Usage
nGram(n, ignoreCase = FALSE, delimiter = "[ \\t\\b\\f\\r]+", punctuation = NULL, overlapping = TRUE, reset = NULL, sep = " ", minLength = 1)
Arguments
n
length, in words, of each n-gram
ignoreCase
logical: if FALSE, the n-gram matching is case sensitive and
if TRUE, case is ignored during matching.
delimiter
character or string that divides one word from the next.
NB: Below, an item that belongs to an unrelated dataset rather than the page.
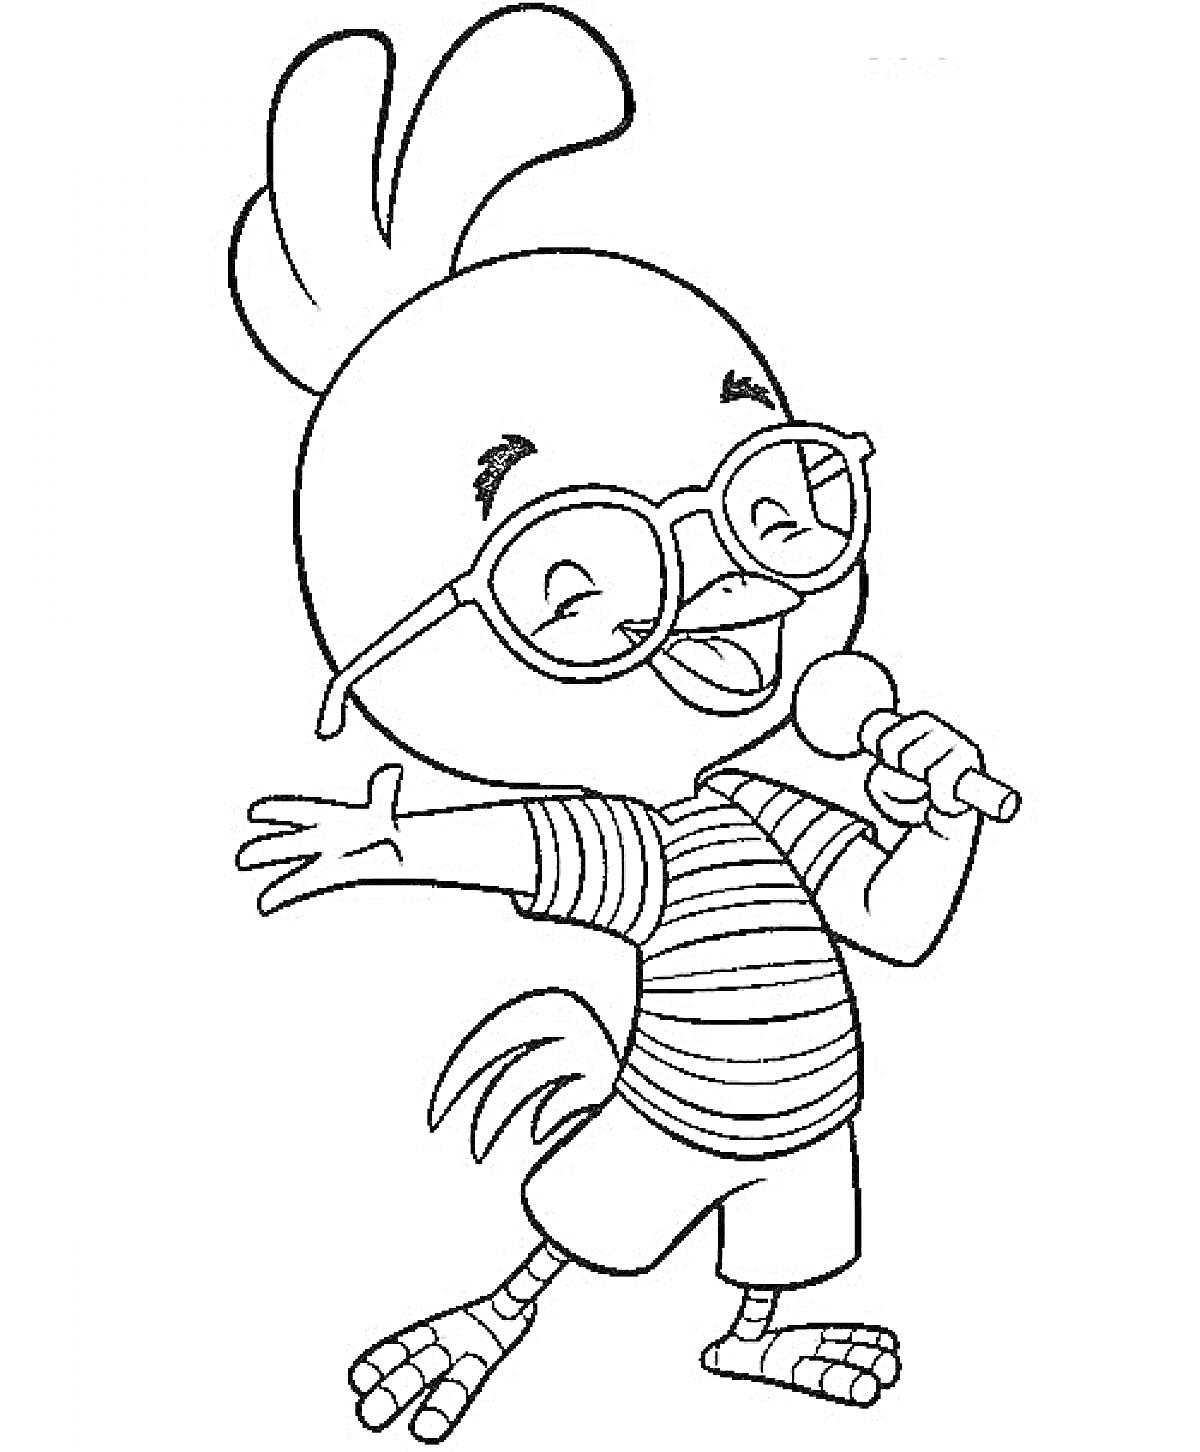 Раскраска Цыпленок в очках с микрофоном, стоящий на одной ноге в полосатой футболке
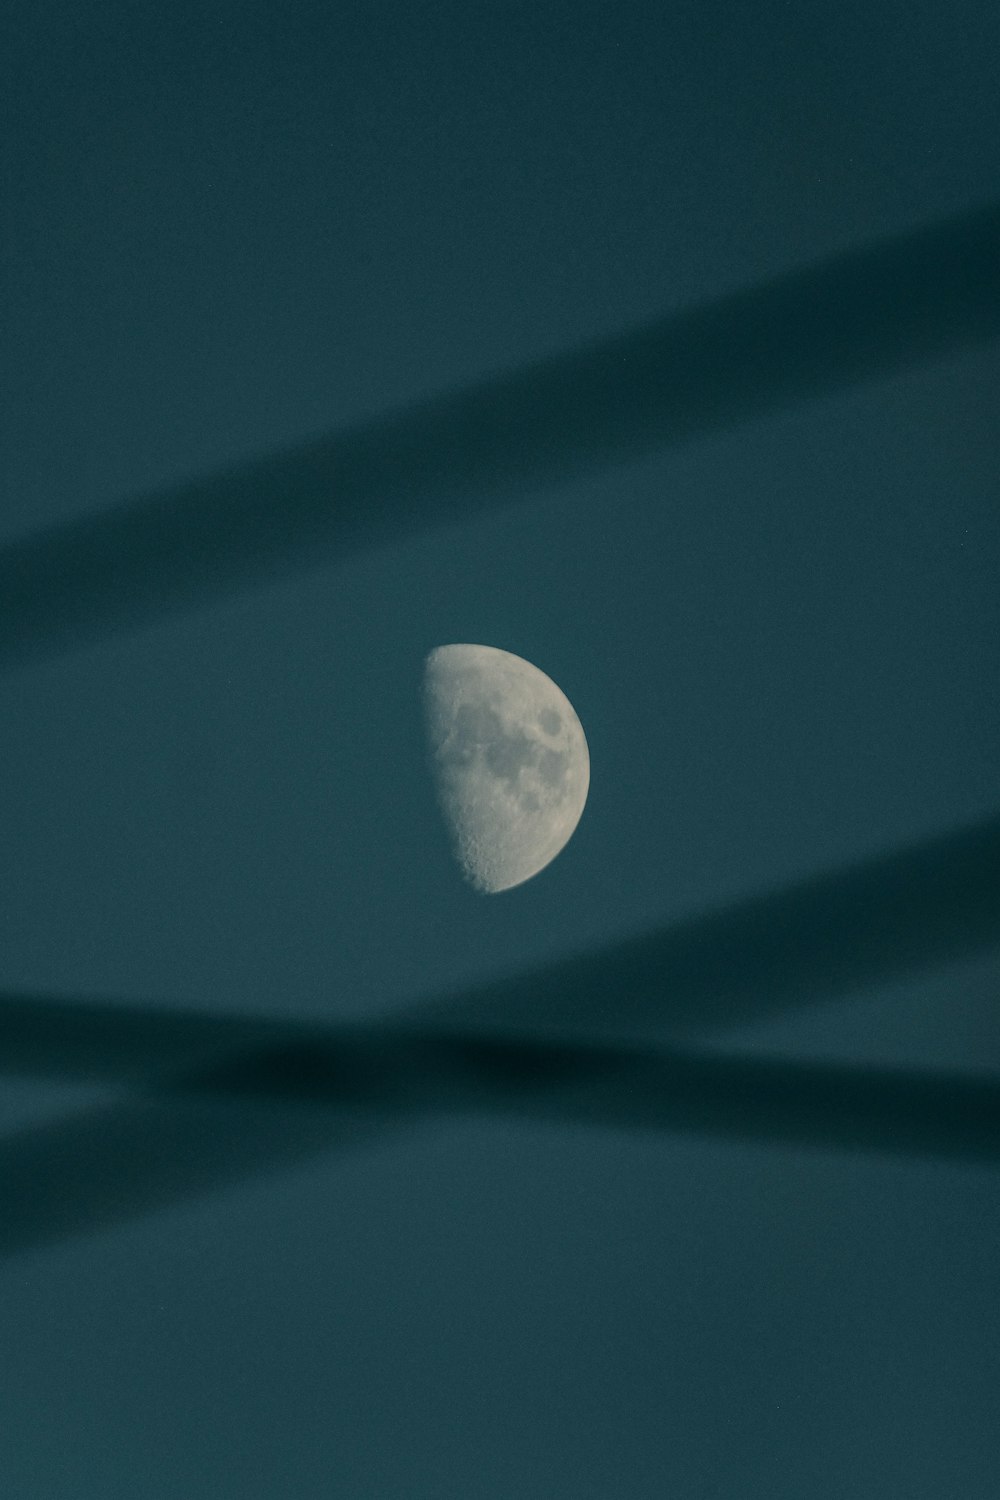 La luna è vista attraverso le linee sottili nel cielo

You can use a regular expression as the delimiter
value.
punctuation
a regular expression that specifies the punctuation characters
parser will remove before it evaluates the input text.
overlapping
logical: true value allows for overlapping n-grams.
reset
a regular expression listing one or more punctuation characters or
strings, any of which the nGram
parser will recognize as the end of a sentence
of text. The end of each sentence resets the search for n-grams, meaning that
nGram
discards any partial n-grams and proceeds to the next sentence to search
for the next n-gram. In other words, no n-gram can span two sentences.
sep
a character string to separate multiple text columns.
minLength
minimum length of words in ngram. Ngrams that contains words below
shorter than the limit are omitted. Current implementation is not complete: it
filters out ngrams where each word is below the minimum length, i.e. total length of
ngram is below n*minLength + (n-1).